# Selling my Sudwala weeks



## cjr (Jun 13, 2012)

I sent Sudwala an email regarding selling my weeks. I was informed that Multi Destination Club has taken this over. My emails to them have been responded to very quickly, but I have never heard of them. Any info on this company. They must be legit as they had the information regarding my two weeks..I did not provide them with this information.


----------



## Carolinian (Jun 13, 2012)

While I do not find any links to The Bullfrog, and his points clubs usually have obvious links, this seems to be a similar operation in some respects, although not necessarily in crashing resorts.  South Africa has had lots of shady points clubs, some of which have collapsed and some still around.  It is not a good sign the the resort referred you to them.

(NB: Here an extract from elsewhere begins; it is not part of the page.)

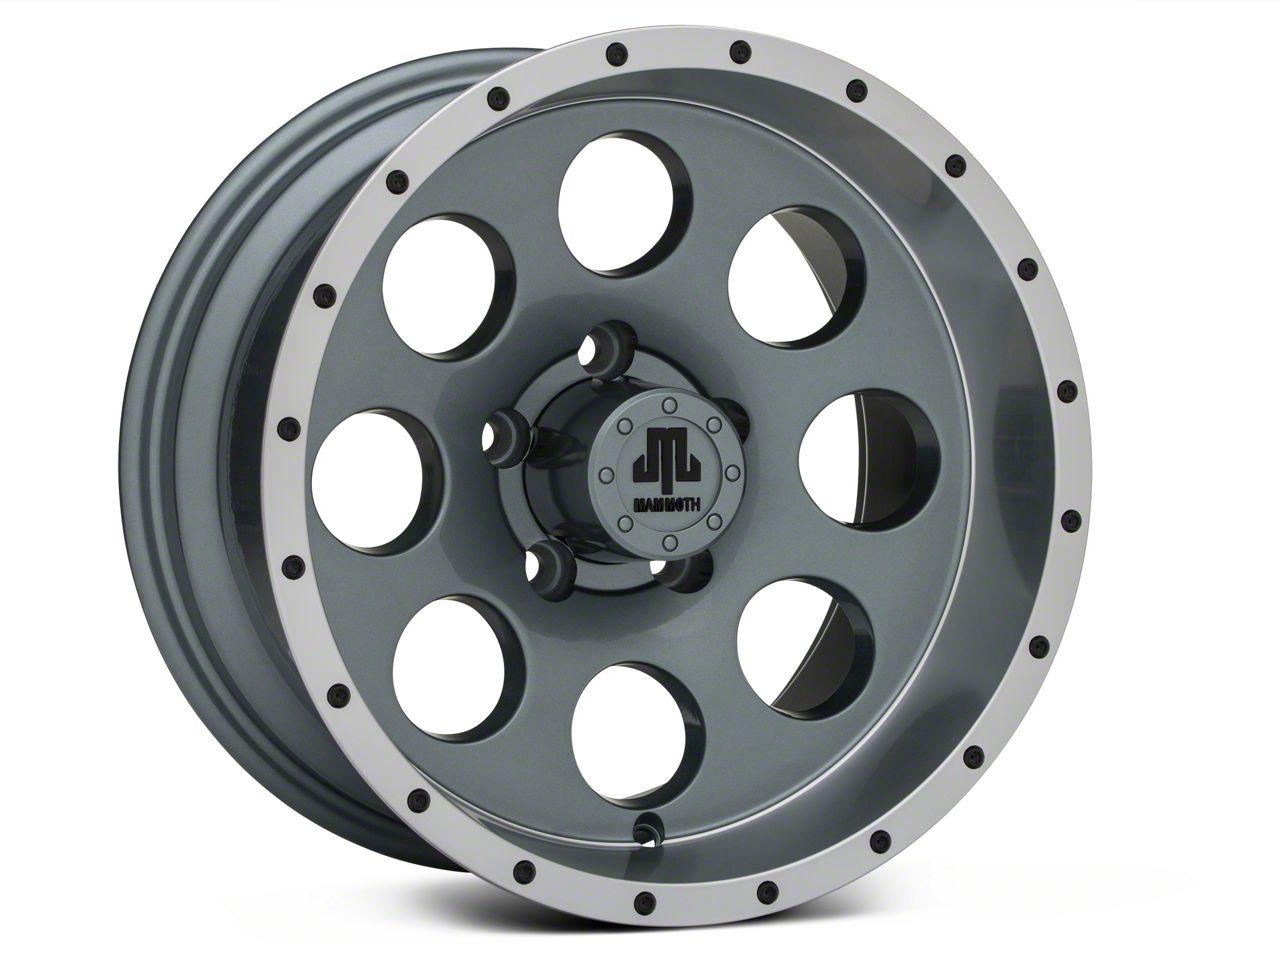 Mammoth 8 Beadlock Style Anthracite 15x8 Wheel & Mickey Thompson Deegan 38 31x10.50R15 Tire Kit (87-06 Jeep Wrangler YJ & TJ)

The SA consumer site is HelloPeter.com and going to that site, I find this:

http://www.hellopeter.com/mdc/compliments-and-complaints


----------



## Gramma5 (Jun 14, 2012)

*Selling Sudwala*

I have been working with Ron at Fairfields SA for nearly a year to sell mine. I had just missed a group package that they had put together last spring. However, I sent him all my information and my deed so he could be prepared when the next package is put together. I was beginning to wonder what was going on but I just received an email from him that he has a buyer for my ts and they are working on another package sale. You can contact him at www.ron@fairfields.co.za and perhaps he can help you too. We have owned our ts's over eleven years and were thrilled with all the exchanges and vacations we accomplished with Sudwala and also  Seapointer, but as we have retired and travel  in our motorhome now....it is more difficult to find ts that have parking for the MH and besides..I love my MH and love travelling with my home on wheels and knowing that no stranger has slept in my lovely bed!!  
Good luck with selling yours.


----------